# Exercise brief
Write every line of the material again exactly, with no pictures in the copy.

** Information supplied follows **

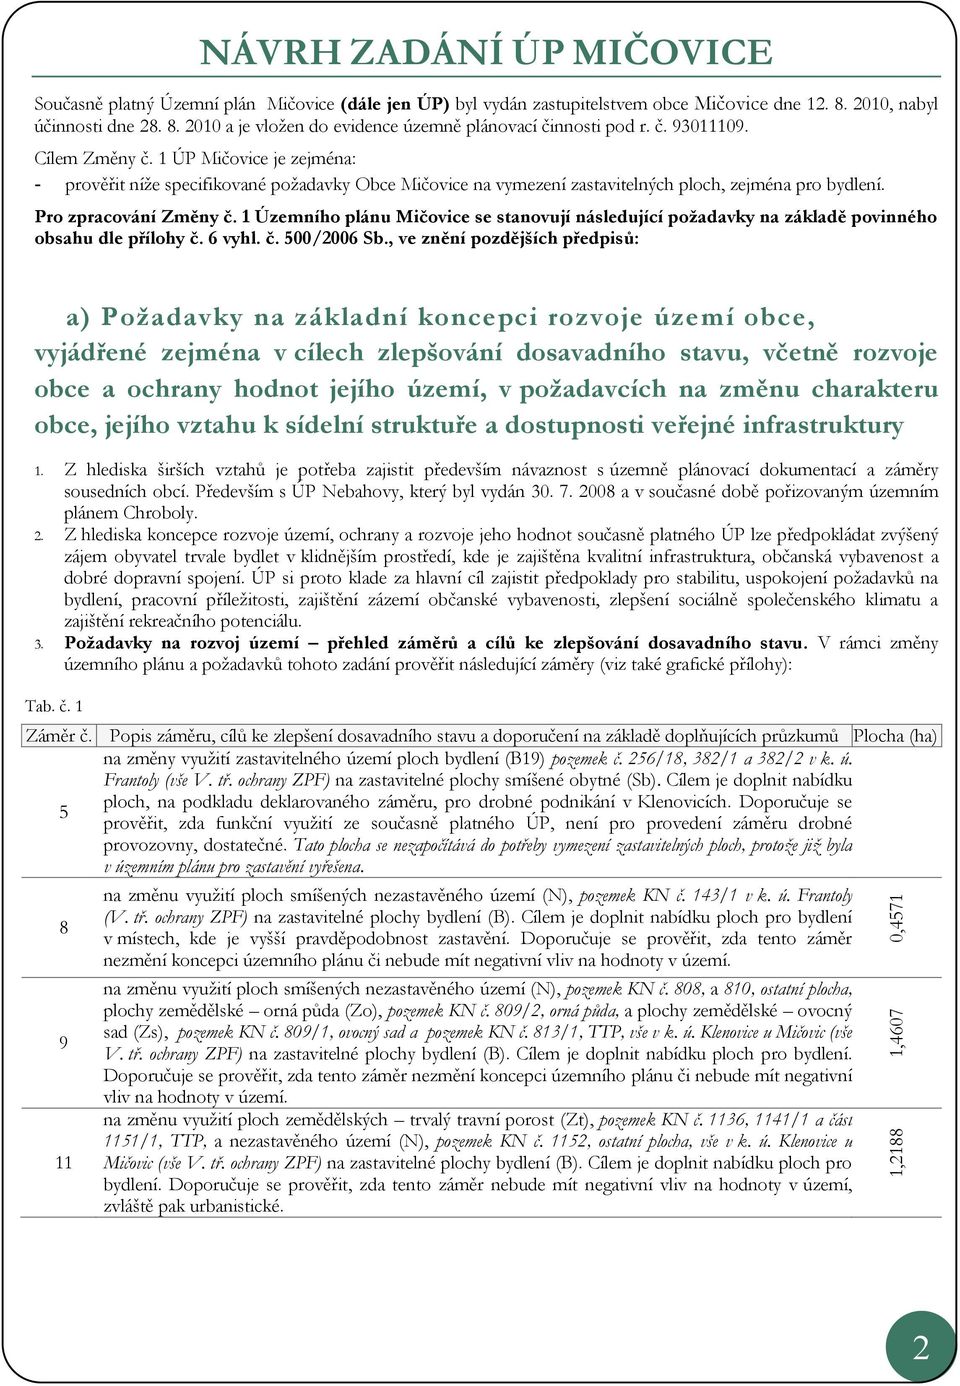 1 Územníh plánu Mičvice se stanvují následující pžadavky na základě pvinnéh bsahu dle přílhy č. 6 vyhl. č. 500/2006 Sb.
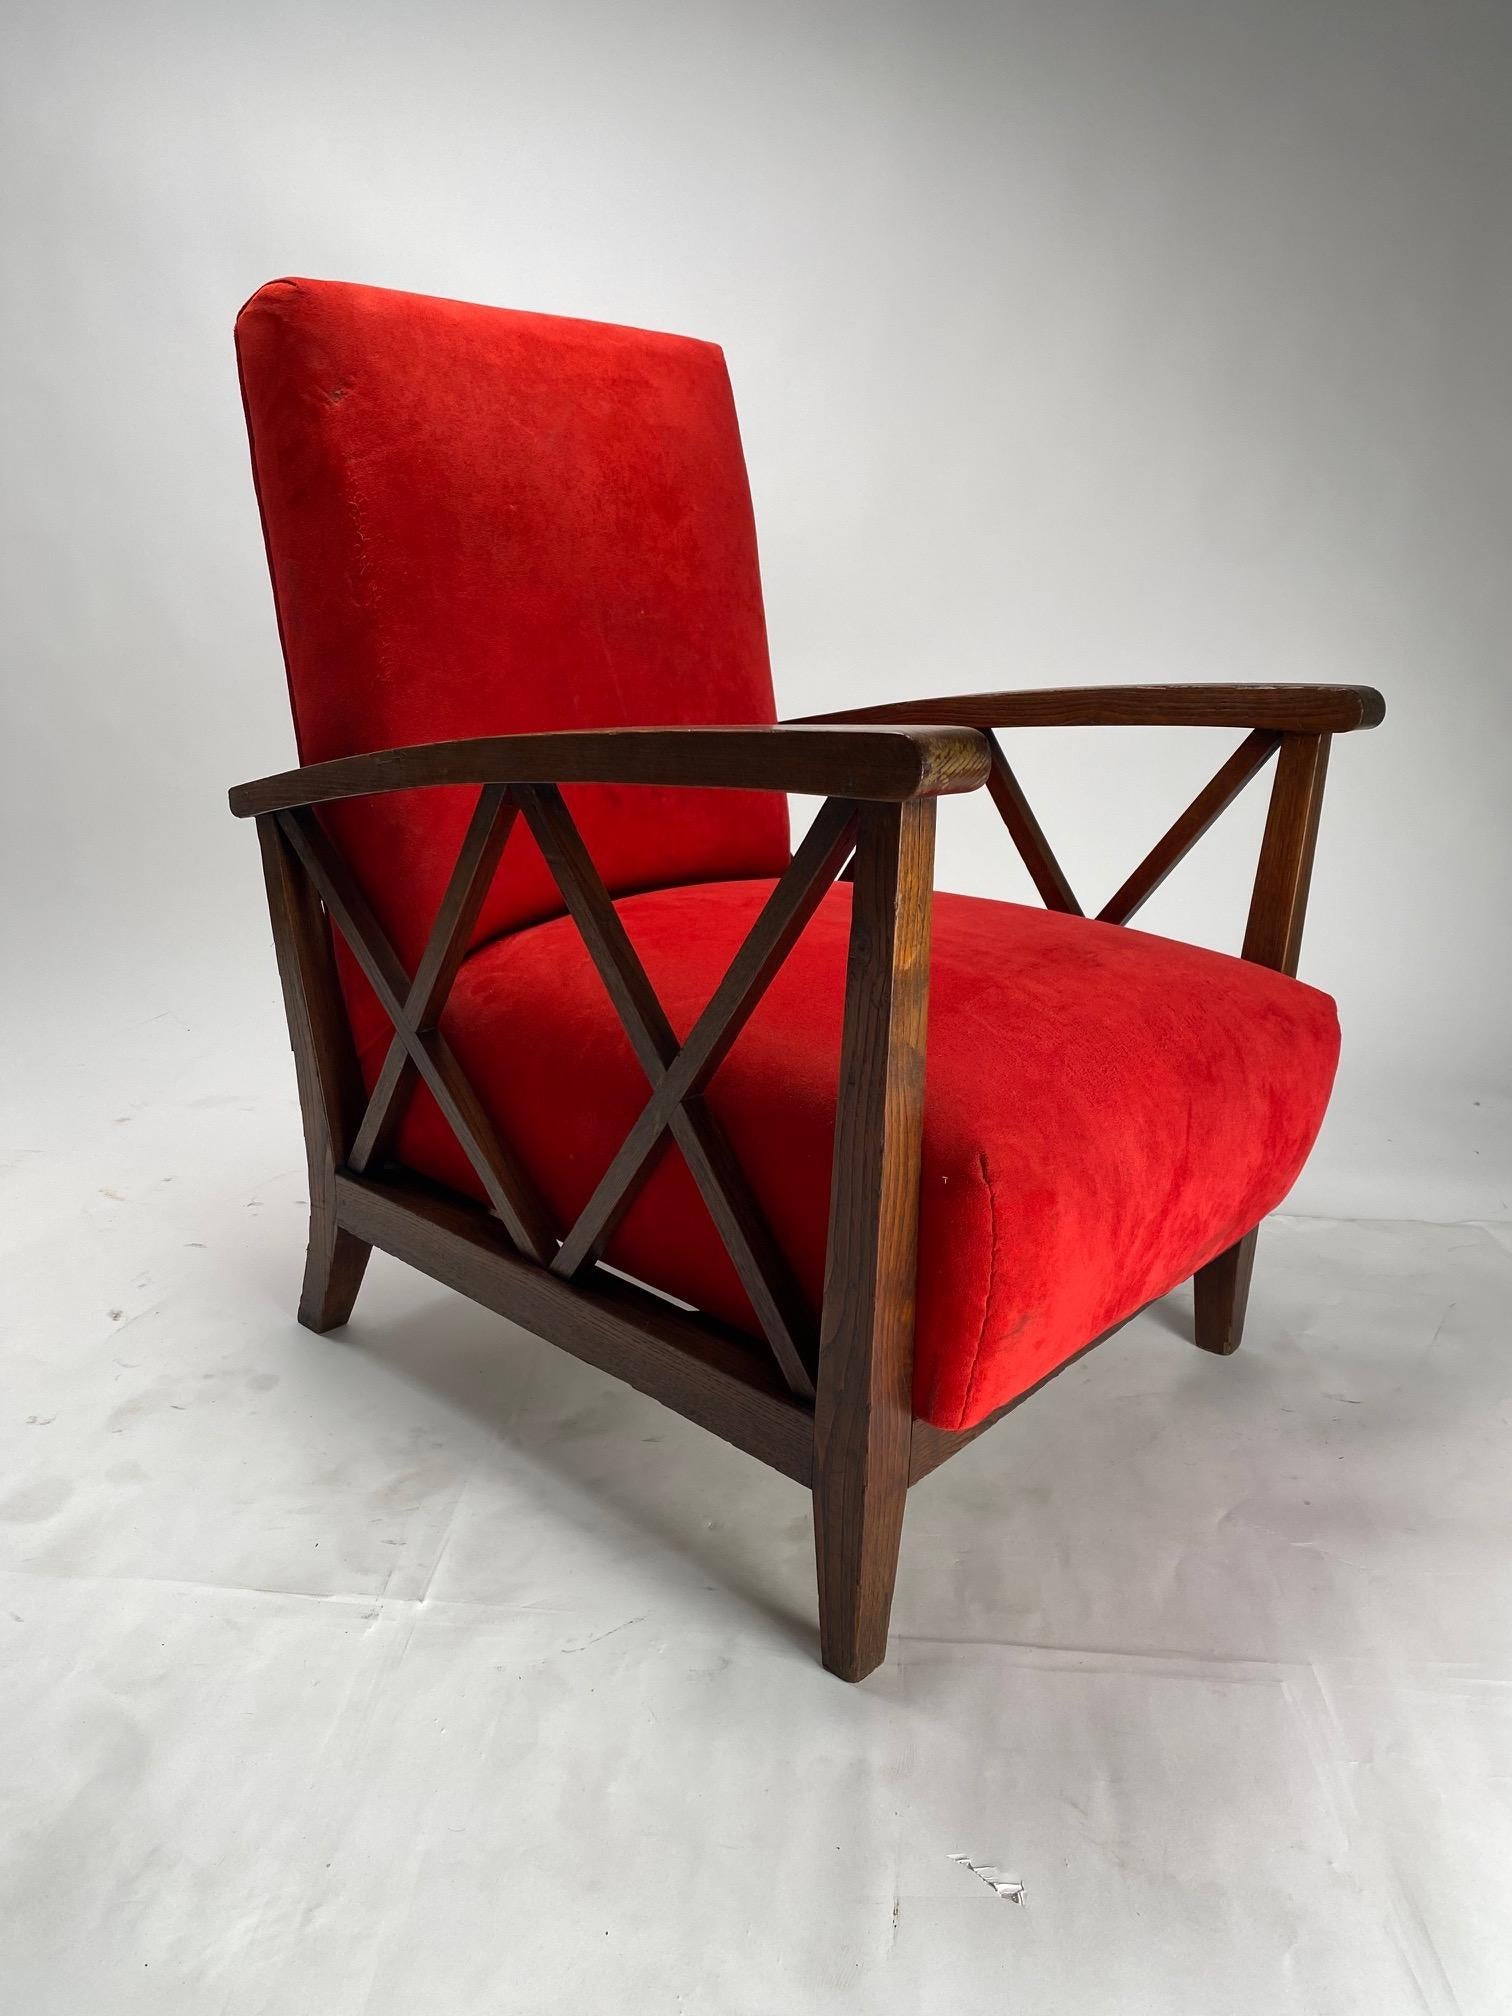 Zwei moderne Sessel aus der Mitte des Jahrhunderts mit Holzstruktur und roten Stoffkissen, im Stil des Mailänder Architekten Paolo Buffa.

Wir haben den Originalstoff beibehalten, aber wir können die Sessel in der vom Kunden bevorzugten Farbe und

** End of Information supplied **

# Output for this task
 1 Územníh plánu Mičvice se stanvují následující pžadavky na základě pvinnéh bsahu dle přílhy č. 6 vyhl. č. 500/2006 Sb.
 Zwei moderne Sessel aus der Mitte des Jahrhunderts mit Holzstruktur und roten Stoffkissen, im Stil des Mailänder Architekten Paolo Buffa.

Wir haben den Originalstoff beibehalten, aber wir können die Sessel in der vom Kunden bevorzugten Farbe und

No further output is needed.